Before you start investing, get rid of your debt
One may wonder as to how is debt related to investments. Actually there is a very subtle relationship. Most investors do not invest in lump-sum and they prefer to invest via systematic investment plans (SIP). That is because these SIPs give the benefit of rupee cost averaging and also give the added benefit of syncing with your sources of income flows. When you have too much of debt on your balance sheet, then your EMIs remain an overhang on your finances. Hence you are not able to commit yourself to regular investments in equities towards meeting your long term goals.
In the famous Shakespearean play, Hamlet, Polonius advises his son Laertes, “Neither a borrower nor a lender be; for loan oft loses itself and friend and borrowing dulls the edge of husbandry”. Be it households, businesses or economies; it is debt that normally takes these units to the brink of bankruptcy. Borrowings are part of our balance sheet and we borrow for buying a house or a car. But the problem is with reckless borrowing or high cost borrowing. If you are still paying 35% interest on your credit card or 20% on your personal loan then it is highly likely that you will create serious wealth issues. Your journey has to begin with reducing your debt so as to make your investing activity more meaningful and fruitful. One of the best ways of gradually reducing your debt and adding more power to your investments is through a process called laddering.
How laddering helps manage debt and enhance investment capability
Laddering is essentially about prioritization. For example, you pay interest rate of nearly 3% per month on a credit and when annualized the costs are as high as 40%. If you have a fixed corpus with you, what should you do? You can earn 9% on debt funds, 12% on balanced funds or 14% on equity funds. Rather, if you use the funds to repay and close out your credit card, you save nearly 40% cost per annum. That is almost akin to an investment that yields 40% return per annum. That is why; when you start off on your financial plan and investment allocation, first have a plan to get out of debt and then think about growing wealth.
But how do you go about laddering? There are some loans that are large in size and some that are linked to assets. Then there are loans like home loans and education loans which give you tax benefits on the interest paid. How do you prioritize and take a call in these circumstances. Here is the pecking order of laddering you must follow.
Start by reducing your credit card outstanding first…
A credit card costs you around 40% per annum so when you close your credit card you are effectively earning 40% annually. More importantly, you have a more certain corpus that you can fall back upon to plan your future investments. Paying 3% interest a month is hardly a smart way to manage your finances. Once you close your credit card outstanding, you not only save that outflow but you can invest your monies with lesser overhang of uncertainty.

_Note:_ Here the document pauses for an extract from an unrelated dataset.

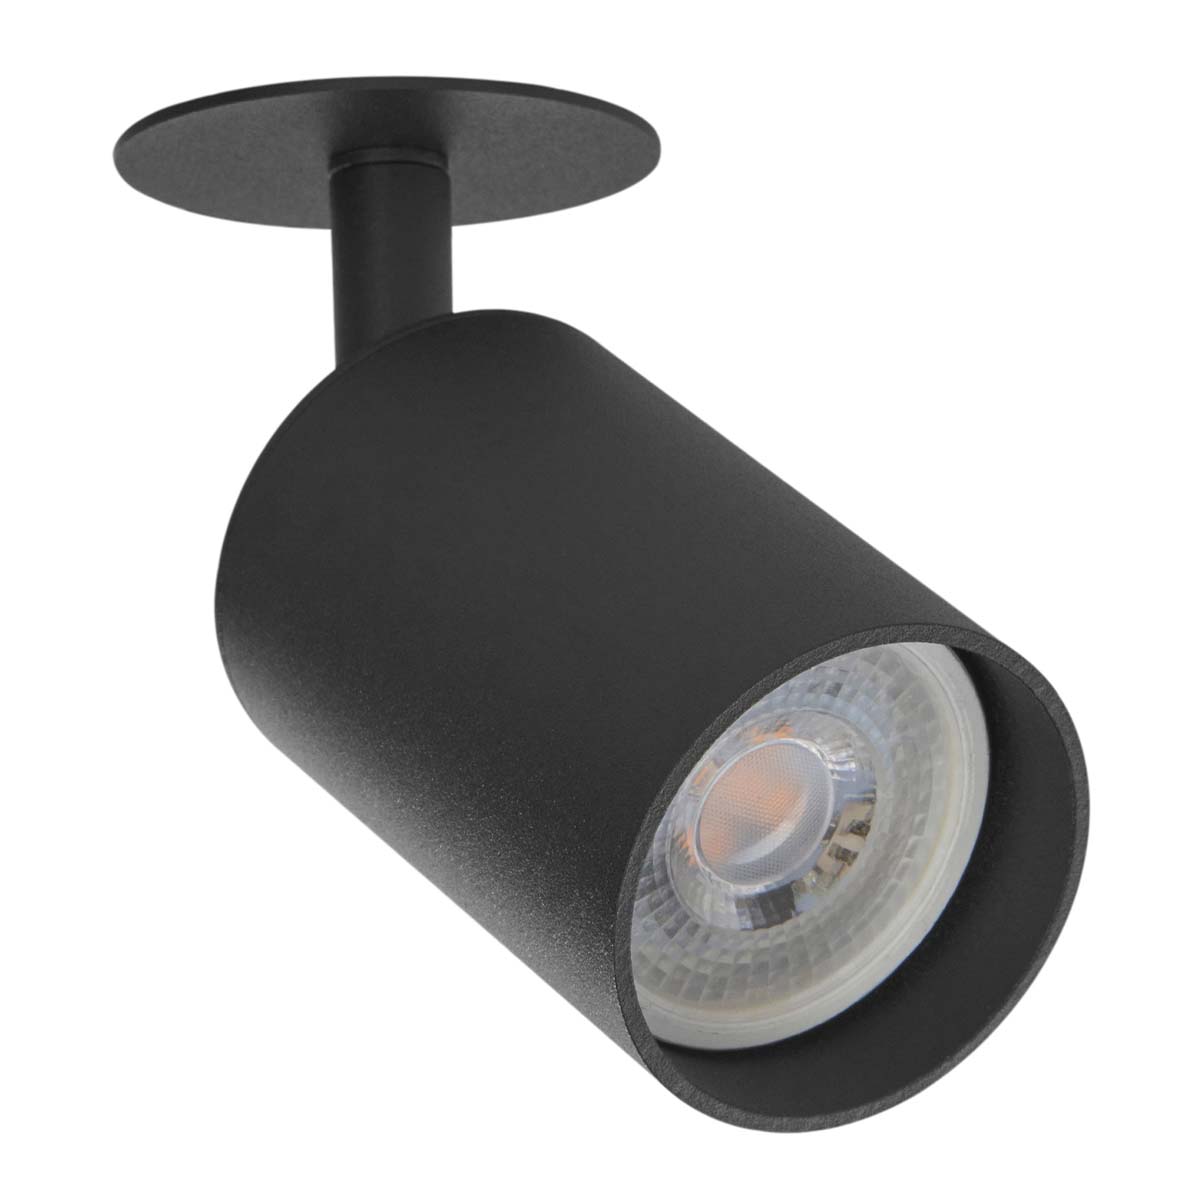 Luminaria LED de empotrar en techo tipo spot GU10 50 W máx. 120 v~ Modelo TL-5150.EM Illux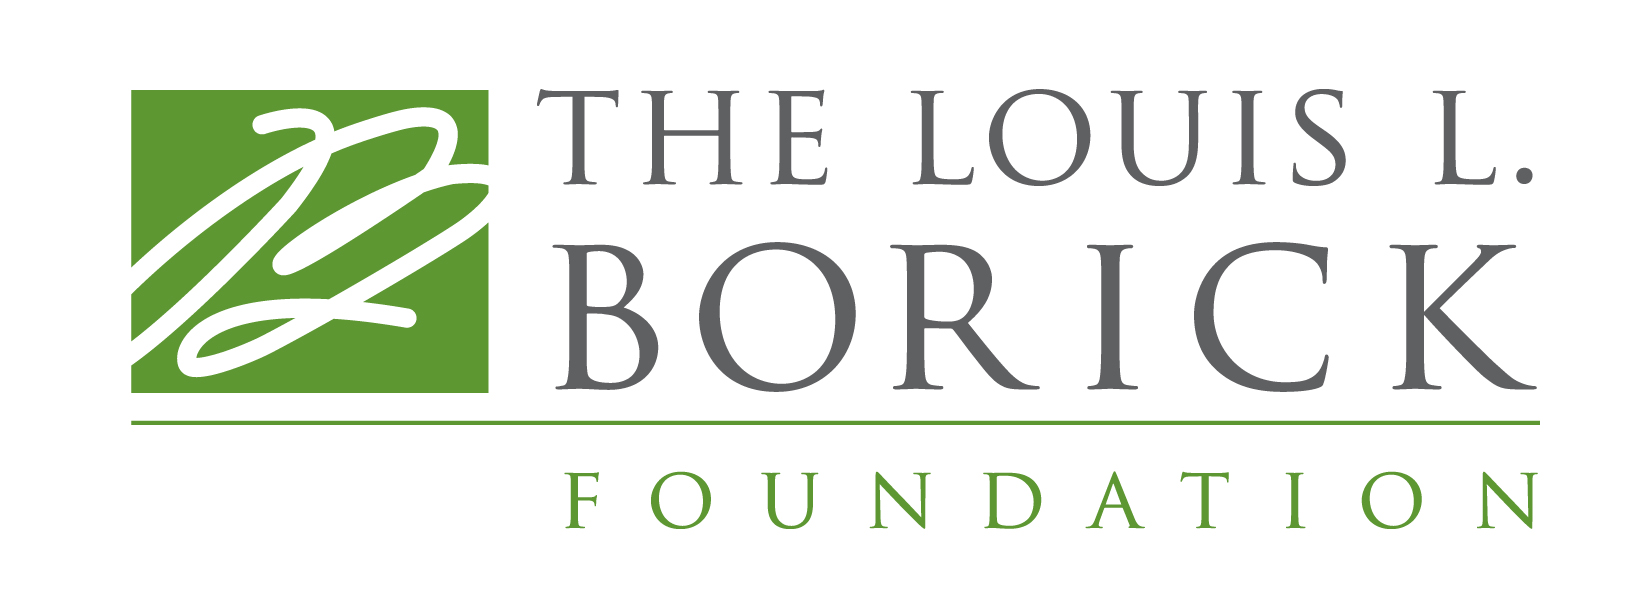 The Louis L. Borick Foundation logo

Then target your personal loans…
Personal loans can be a stop gap arrangement but most people tend to use it for the full tenure. You can avoid that since these are fairly high cost loans. Personal loans cost between 16-18% and if you add up the other costs, they can go to 20%. Once your credit card dues are taken care of, the next step in the debt ladder is personal loans. You save the 20% interest cost and the EMI can now become a good EMI or a SIP investment. Don’t worry about exit loads as you can negotiate with your bank which is hungry for prompt repayments. Even assuming that you pay the exit load, you are better off without the loan.
You can look to tweak your home loan too; and why not?
Should you close a home loan if you have the liquidity? Interest on home loans gives you tax exemption under Section 24 of the Income Tax Act up to Rs.2 lakhs and the principal is also exempt under Section 80C. There are two things to watch out here. Firstly, there is no guarantee that the apartment you buy will appreciate in value, like it was 10-15 years back. Negative equity is a real threat to home loans. Secondly, apartments don’t come cheap. Your exemption limit of Rs.2 lakh is hardly enough to buy a 2 BHK apartment in smaller towns. Instead of paying EMIs that don’t give tax exemption you can repay what is not tax efficient and reduce your outflows. These can be directed towards your investments.
Debt can be a double edged sword in most cases. The quicker you get out of high cost debt, the better it is for a smooth investment journey.